Was die Philosophie auszeichnet, ist die beharrliche Beschäftigung mit dem Detail. Je Detail versessener das Denken ist, umso gründlicher und tiefsinniger ist es. Richtigkeit des Denkens muss nach dessen Gründlichkeit und Tiefsinnigkeit gemessen werden. Das Denken kann nicht grundsätzlich falsch sein, vielmehr ist es viel zu oft oberflächlich, seicht und inkonsequent.

Das Denken lässt sich nicht festmachen, es befindet sich stets im Fluss und schließt und öffnet gleichermaßen alte und neue Fragen. Es festmachen zu versuchen, verfehlt völlig die Bemühung nach dessen Richtigkeit. Denken an sich kann nicht falsch sein, vielmehr kann es wegen mangelnder Gründlichkeit fehlerhaft sein. Denkfehler kommen zum Vorschein erst durch die Inkonsequenz. Mangelnder Tiefsinn macht in der Philosophie mehr Not als falsches Denken an sich.
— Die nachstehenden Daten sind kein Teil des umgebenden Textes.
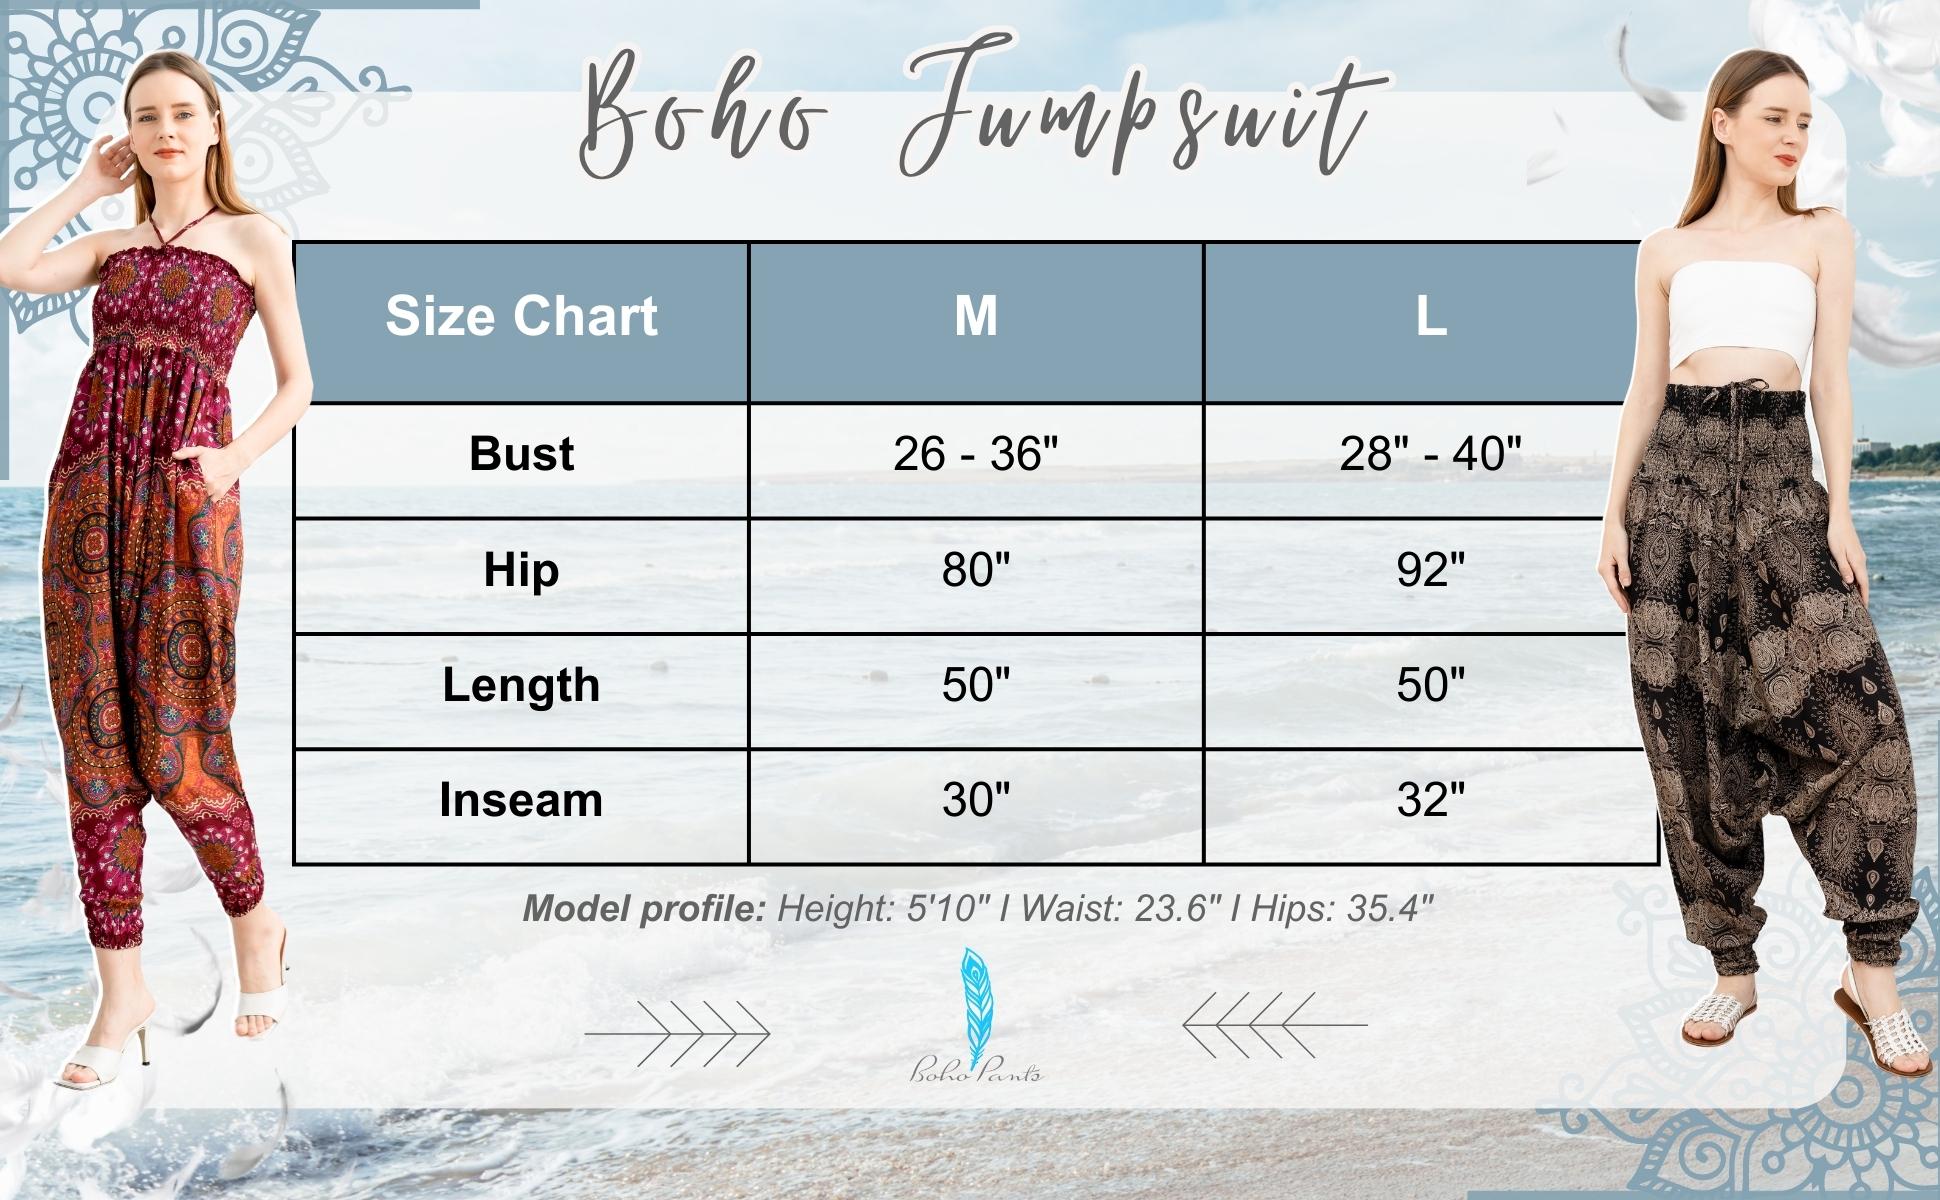  Find your perfect fit with our Boho Jumpsuit size chart - Discover measurements and dimensions for each size option

In dem Spannungsfeld von Einheit und Vielfalt tendiert die Philosophie dazu, mehrdeutig zu sein. Es wäre nämlich ein Jammer, wenn man nur eine einzige Auslegung der Philosophie kennen und sich ausschließlich nach dieser richten würde, denn das würde eine Manipulation des Menschen sondergleichen bedeuten. Und doch, je oberflächlicher das Verständnis der fass- und unfassbaren Mitwelt ist, umso mehr wird dazu tendiert, wenigstens das Handeln zu manipulieren. Eindeutigkeit ist immer ein Werkzeug der Manipulation, wenn man einmal von der Technik absieht. In Anbetracht dessen ist also die eigentliche Herausforderung der Philosophie nicht, die Profilierung des richtigen Denkens zu betreiben. Vielmehr kristallisiert sich das richtige Denken erst in der Tiefsinnigkeit und Gründlichkeit.